Your reply must hold the lines from the one containing "Dodge Ram Starcraft" to the end of the entries, copied exactly, with pictures excluded.

Dataset excerpts
********************
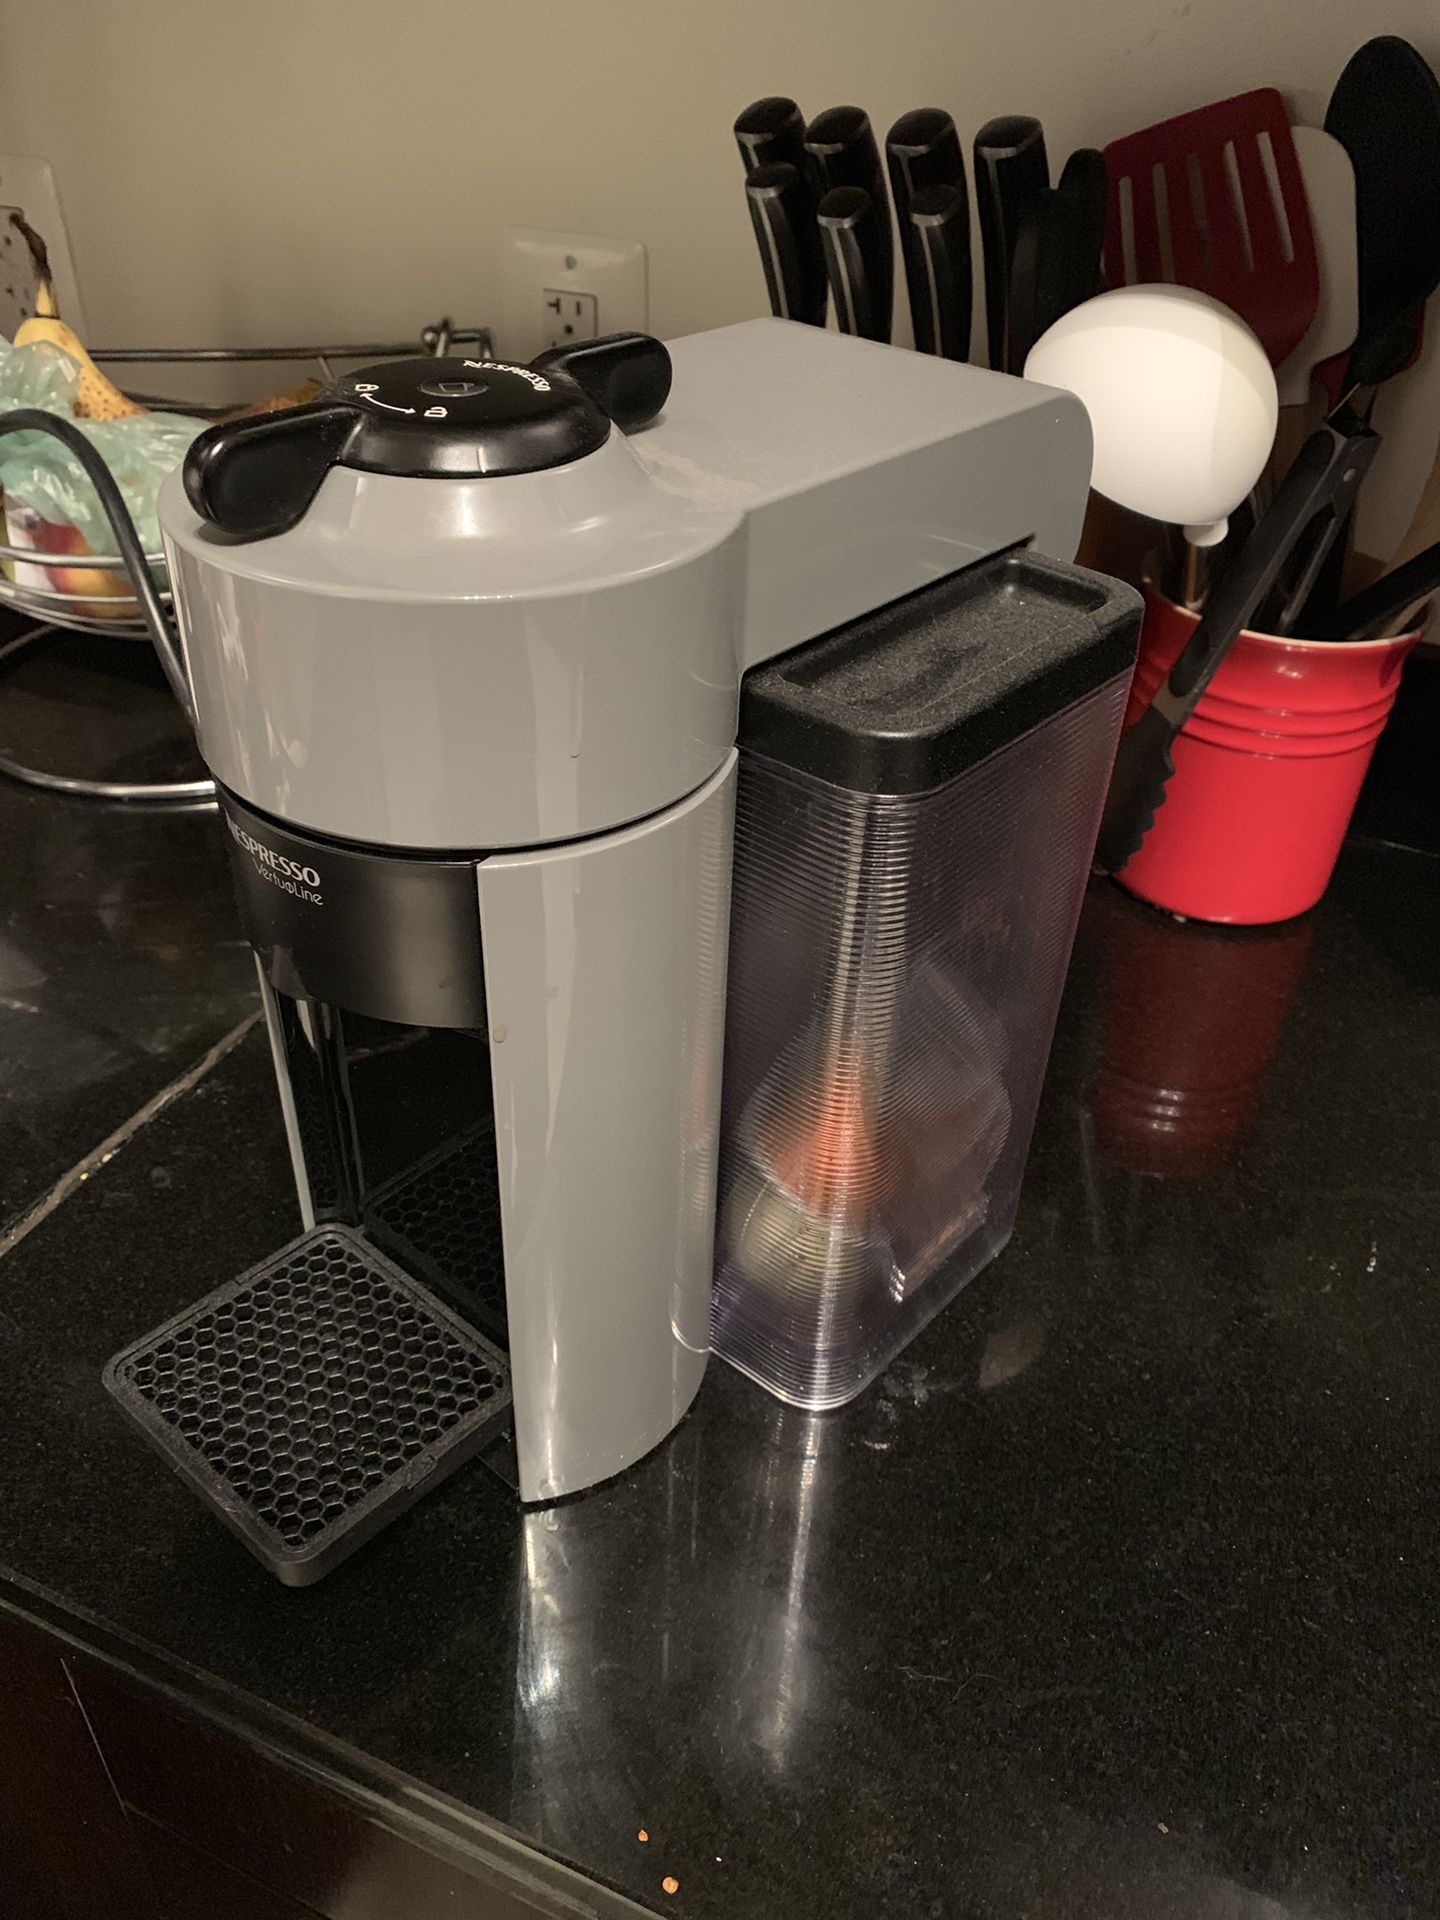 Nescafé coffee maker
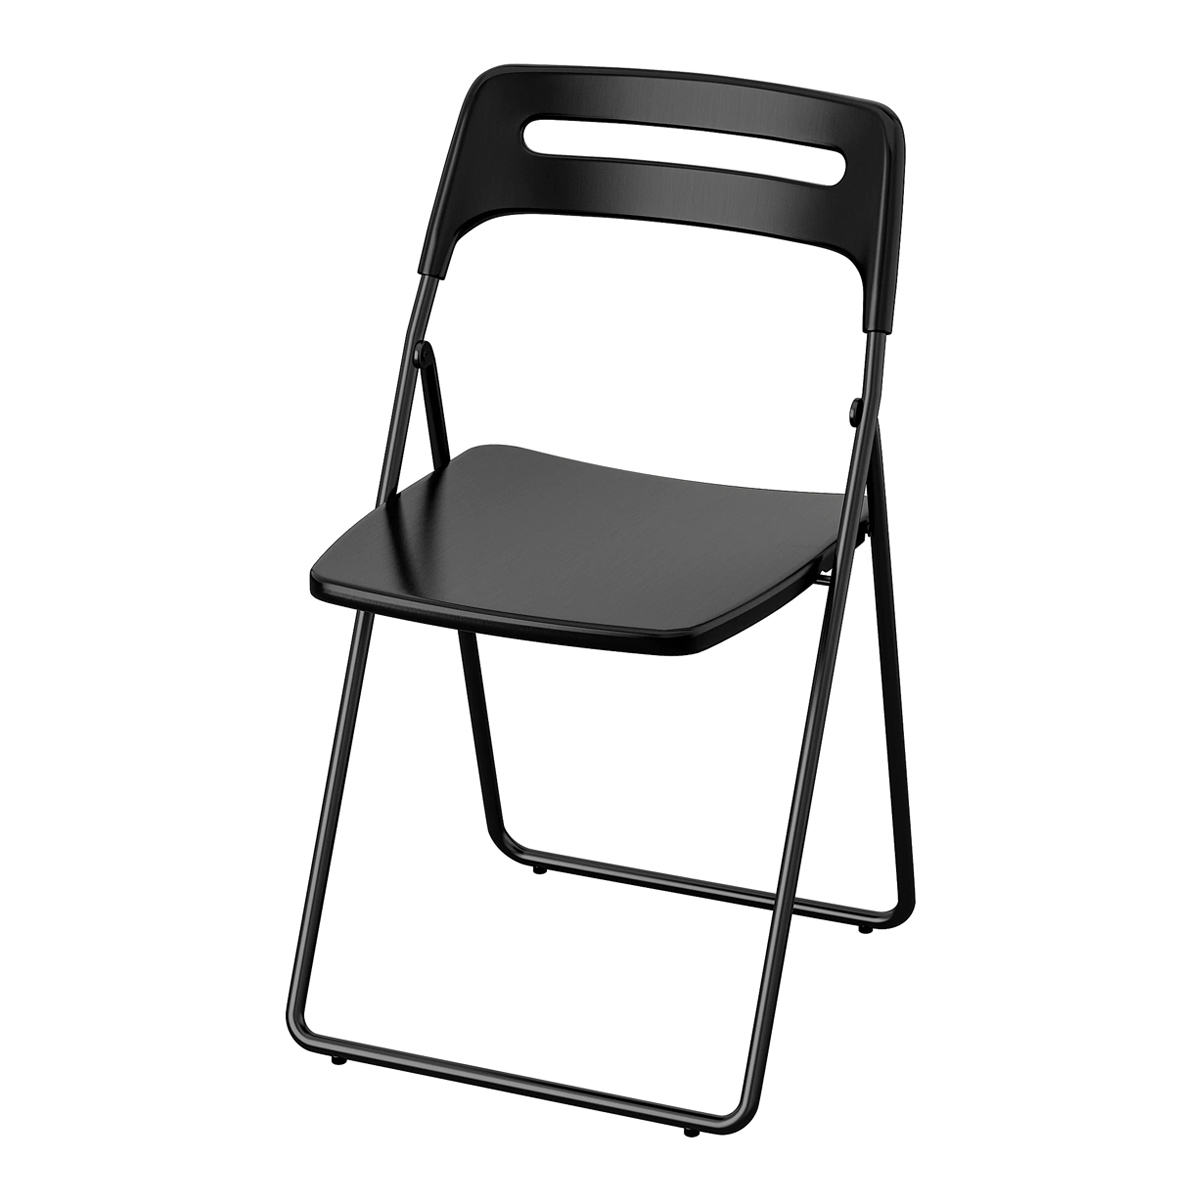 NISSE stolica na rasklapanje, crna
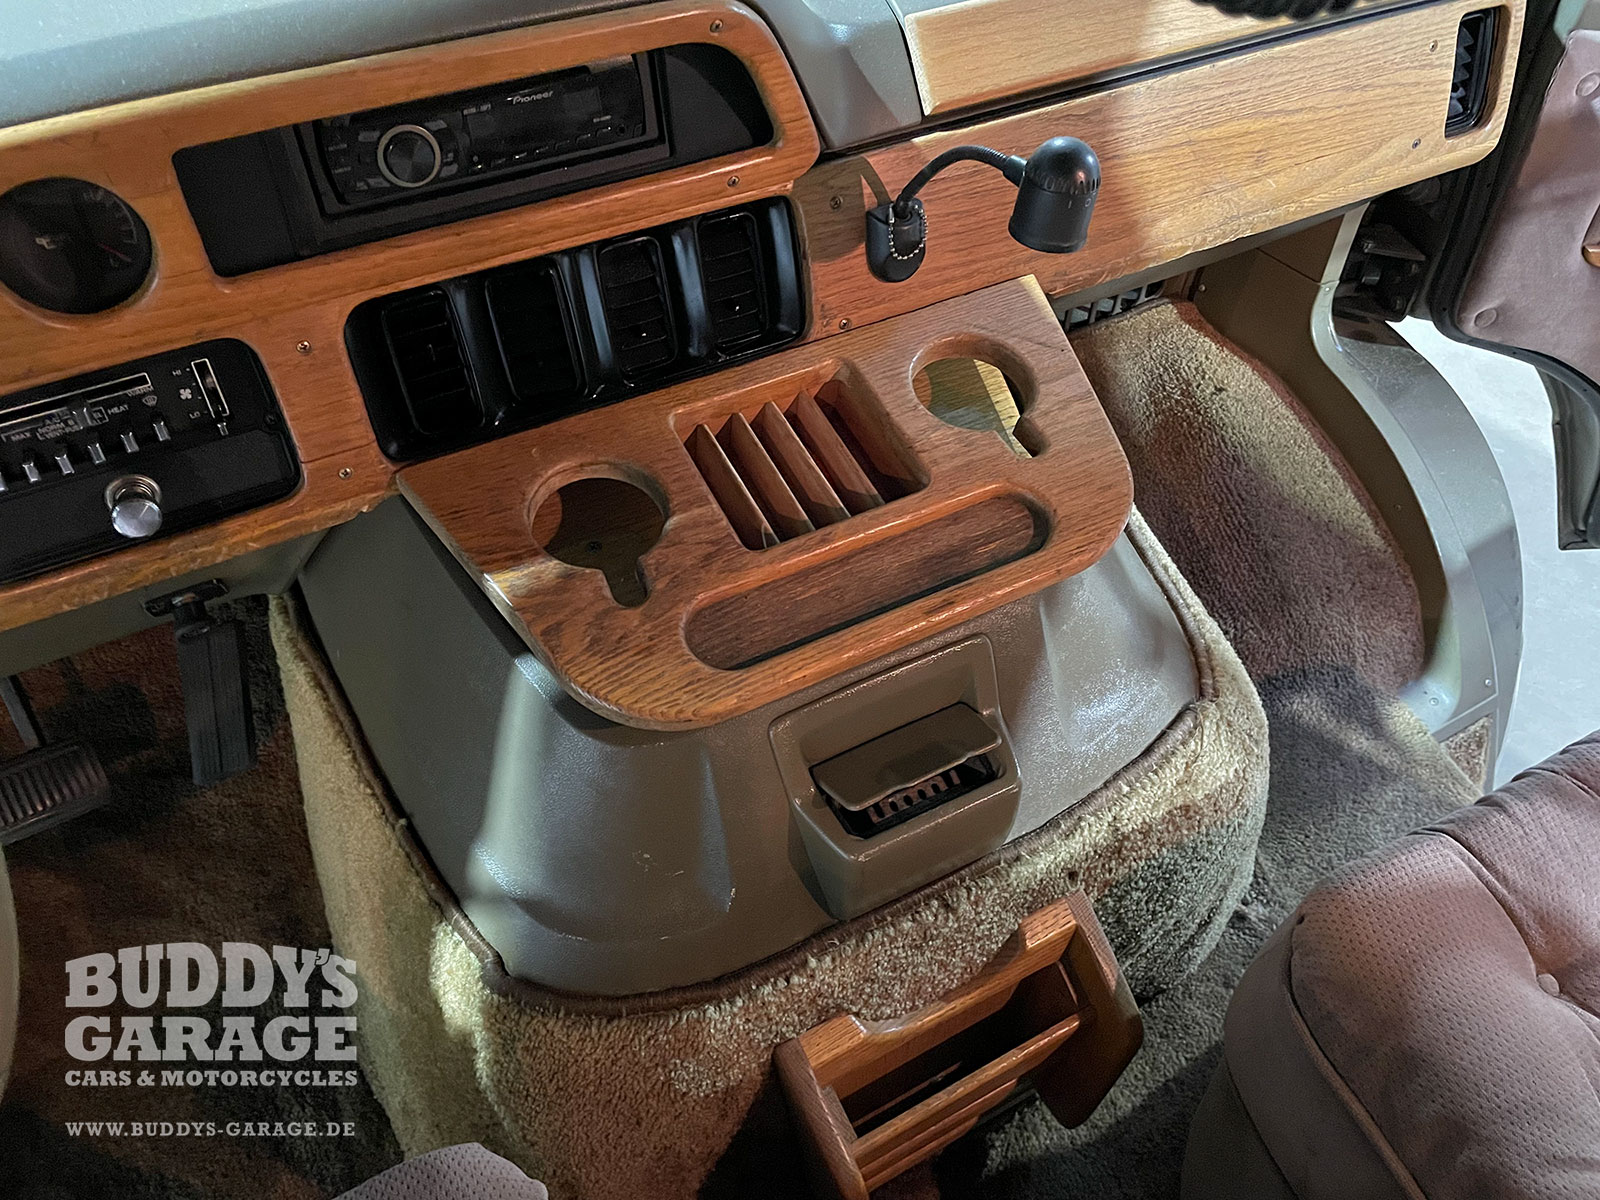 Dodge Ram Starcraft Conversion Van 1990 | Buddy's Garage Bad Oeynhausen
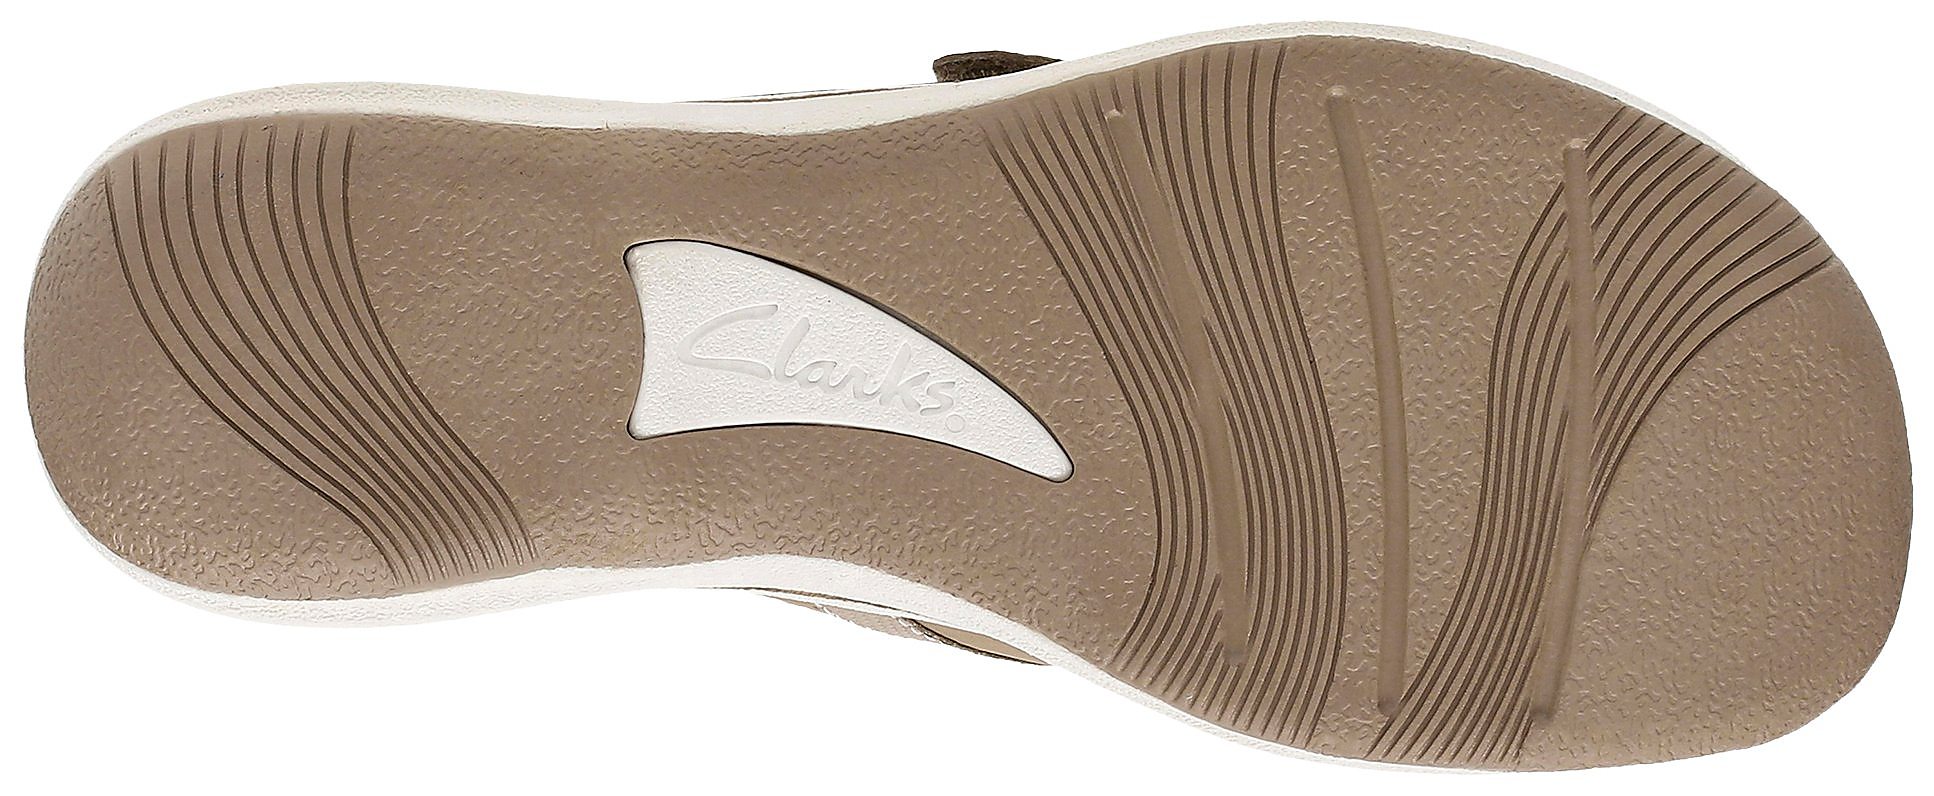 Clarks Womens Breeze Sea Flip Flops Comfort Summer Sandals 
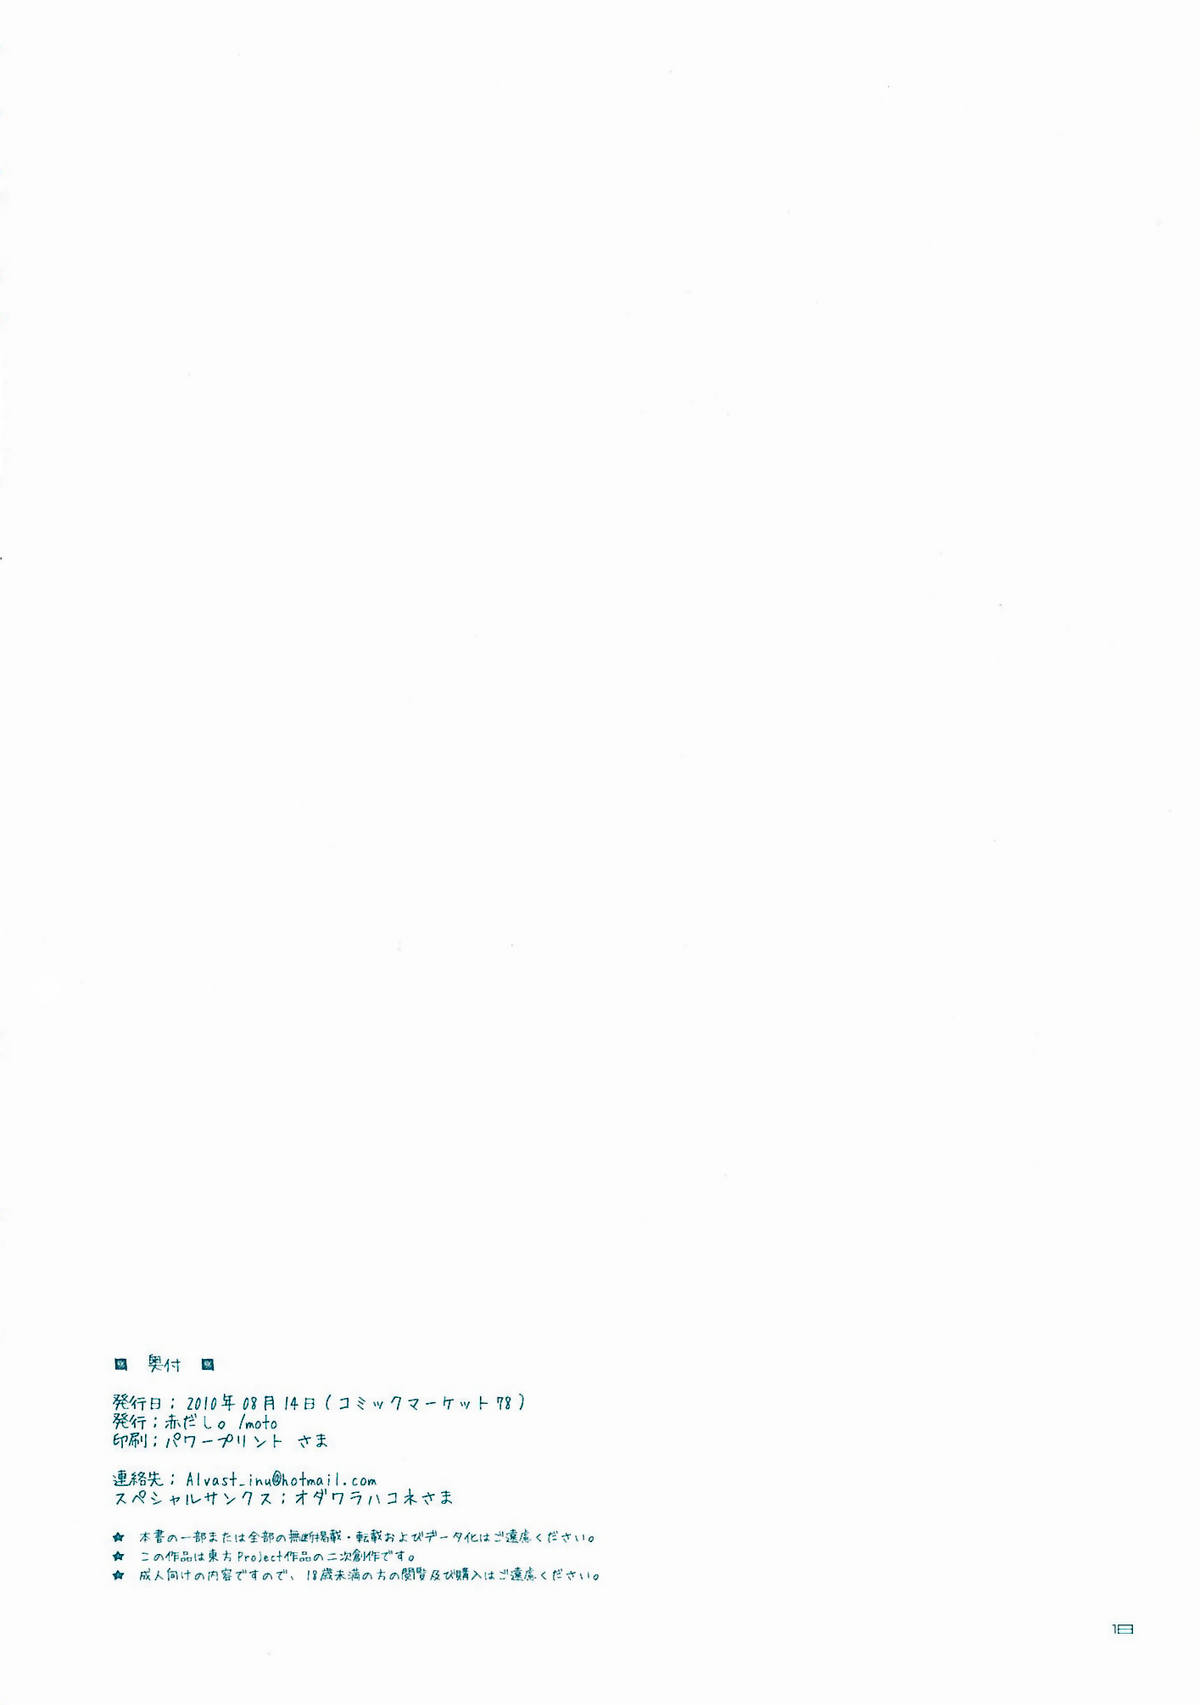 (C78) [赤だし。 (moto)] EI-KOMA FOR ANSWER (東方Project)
********************
### RESPONSE
 Dodge Ram Starcraft Conversion Van 1990 | Buddy's Garage Bad Oeynhausen
 Clarks Womens Breeze Sea Flip Flops Comfort Summer Sandals 
 (C78) [赤だし。 (moto)] EI-KOMA FOR ANSWER (東方Project)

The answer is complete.